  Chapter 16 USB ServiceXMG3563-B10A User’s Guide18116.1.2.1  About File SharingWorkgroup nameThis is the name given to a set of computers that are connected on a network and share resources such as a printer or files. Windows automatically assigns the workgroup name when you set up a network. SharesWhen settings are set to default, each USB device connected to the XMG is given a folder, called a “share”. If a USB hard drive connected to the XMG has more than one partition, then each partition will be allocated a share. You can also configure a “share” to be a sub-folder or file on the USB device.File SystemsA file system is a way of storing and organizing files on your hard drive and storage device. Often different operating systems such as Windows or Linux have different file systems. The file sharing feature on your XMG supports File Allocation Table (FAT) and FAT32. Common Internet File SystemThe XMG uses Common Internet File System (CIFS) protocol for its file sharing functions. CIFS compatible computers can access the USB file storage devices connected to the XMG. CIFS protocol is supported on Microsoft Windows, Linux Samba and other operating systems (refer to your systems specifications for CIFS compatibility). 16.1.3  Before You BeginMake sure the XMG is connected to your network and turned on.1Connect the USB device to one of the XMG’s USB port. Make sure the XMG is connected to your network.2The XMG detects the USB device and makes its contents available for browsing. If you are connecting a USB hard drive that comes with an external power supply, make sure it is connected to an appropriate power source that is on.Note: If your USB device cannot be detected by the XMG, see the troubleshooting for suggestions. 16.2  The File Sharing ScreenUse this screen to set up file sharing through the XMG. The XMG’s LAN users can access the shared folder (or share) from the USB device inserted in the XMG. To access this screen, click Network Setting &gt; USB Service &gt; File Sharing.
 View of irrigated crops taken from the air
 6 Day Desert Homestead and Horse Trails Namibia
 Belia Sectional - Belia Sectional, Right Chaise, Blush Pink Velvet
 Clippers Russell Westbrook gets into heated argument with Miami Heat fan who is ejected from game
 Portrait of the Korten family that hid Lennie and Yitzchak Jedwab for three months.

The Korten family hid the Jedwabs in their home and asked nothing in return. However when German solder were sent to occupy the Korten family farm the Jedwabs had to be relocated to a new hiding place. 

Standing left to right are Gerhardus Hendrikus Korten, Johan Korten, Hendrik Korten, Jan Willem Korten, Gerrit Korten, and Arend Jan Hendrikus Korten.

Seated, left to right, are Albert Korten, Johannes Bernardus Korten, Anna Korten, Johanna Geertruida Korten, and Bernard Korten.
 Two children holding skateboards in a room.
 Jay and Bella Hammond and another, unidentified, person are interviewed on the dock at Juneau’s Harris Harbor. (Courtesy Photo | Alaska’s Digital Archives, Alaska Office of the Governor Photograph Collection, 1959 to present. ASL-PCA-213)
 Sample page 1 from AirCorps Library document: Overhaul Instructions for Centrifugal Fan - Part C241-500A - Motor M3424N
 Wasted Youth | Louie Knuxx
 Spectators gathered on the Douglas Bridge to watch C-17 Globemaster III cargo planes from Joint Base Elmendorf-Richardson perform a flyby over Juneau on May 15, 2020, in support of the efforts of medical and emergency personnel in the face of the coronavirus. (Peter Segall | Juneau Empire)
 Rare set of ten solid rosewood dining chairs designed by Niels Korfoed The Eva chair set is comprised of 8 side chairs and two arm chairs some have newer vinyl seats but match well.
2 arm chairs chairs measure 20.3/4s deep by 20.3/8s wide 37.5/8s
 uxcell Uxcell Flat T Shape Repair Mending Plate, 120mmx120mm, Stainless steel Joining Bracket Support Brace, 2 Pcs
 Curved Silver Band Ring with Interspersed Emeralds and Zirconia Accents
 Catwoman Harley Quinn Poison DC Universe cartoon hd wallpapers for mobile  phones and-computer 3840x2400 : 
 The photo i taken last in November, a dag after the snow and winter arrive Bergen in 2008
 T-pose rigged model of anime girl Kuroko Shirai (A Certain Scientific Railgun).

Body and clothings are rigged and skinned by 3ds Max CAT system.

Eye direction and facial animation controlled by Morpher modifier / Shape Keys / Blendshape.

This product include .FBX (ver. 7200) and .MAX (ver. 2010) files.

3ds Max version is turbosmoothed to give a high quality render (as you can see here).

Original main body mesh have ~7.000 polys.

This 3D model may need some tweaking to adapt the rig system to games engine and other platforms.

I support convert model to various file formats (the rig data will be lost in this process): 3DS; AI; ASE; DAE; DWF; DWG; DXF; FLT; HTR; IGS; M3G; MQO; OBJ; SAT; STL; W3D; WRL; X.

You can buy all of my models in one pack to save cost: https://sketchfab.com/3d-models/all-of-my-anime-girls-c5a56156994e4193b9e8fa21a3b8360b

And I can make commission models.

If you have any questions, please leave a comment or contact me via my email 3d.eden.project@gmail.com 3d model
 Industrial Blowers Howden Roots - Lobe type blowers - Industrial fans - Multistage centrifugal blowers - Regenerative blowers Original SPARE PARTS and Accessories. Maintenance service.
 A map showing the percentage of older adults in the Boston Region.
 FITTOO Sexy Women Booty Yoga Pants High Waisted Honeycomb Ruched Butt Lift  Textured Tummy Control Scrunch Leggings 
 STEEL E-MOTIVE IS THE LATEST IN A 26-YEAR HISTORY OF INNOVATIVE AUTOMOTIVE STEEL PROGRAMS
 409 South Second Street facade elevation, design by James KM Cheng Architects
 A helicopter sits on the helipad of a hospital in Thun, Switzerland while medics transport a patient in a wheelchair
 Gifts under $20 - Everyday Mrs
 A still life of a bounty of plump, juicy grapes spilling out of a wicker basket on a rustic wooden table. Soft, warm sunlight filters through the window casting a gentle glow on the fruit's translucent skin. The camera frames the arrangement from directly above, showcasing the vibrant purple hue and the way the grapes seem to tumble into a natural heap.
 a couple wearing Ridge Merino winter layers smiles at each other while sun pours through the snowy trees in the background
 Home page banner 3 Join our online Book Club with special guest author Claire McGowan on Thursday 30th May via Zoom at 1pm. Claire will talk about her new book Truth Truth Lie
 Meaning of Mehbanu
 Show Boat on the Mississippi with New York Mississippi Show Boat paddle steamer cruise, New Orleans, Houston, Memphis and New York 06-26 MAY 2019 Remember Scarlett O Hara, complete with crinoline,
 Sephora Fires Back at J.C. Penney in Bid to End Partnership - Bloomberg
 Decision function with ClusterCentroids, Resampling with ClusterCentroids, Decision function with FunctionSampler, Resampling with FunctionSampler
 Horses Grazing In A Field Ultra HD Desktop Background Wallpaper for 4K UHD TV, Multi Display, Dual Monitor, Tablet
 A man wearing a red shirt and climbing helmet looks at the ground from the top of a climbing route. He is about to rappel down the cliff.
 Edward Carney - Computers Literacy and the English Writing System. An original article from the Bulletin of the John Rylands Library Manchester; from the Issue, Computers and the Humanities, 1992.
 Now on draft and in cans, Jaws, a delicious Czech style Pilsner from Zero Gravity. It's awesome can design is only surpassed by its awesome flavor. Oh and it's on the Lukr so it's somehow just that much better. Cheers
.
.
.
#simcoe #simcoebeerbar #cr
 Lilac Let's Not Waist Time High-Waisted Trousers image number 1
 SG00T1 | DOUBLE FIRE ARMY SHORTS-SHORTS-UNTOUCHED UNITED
---*---
### Activity
Copy out every line of the data where the word "chairs" occurs.

### Written answer
 Rare set of ten solid rosewood dining chairs designed by Niels Korfoed The Eva chair set is comprised of 8 side chairs and two arm chairs some have newer vinyl seats but match well.
2 arm chairs chairs measure 20.3/4s deep by 20.3/8s wide 37.5/8s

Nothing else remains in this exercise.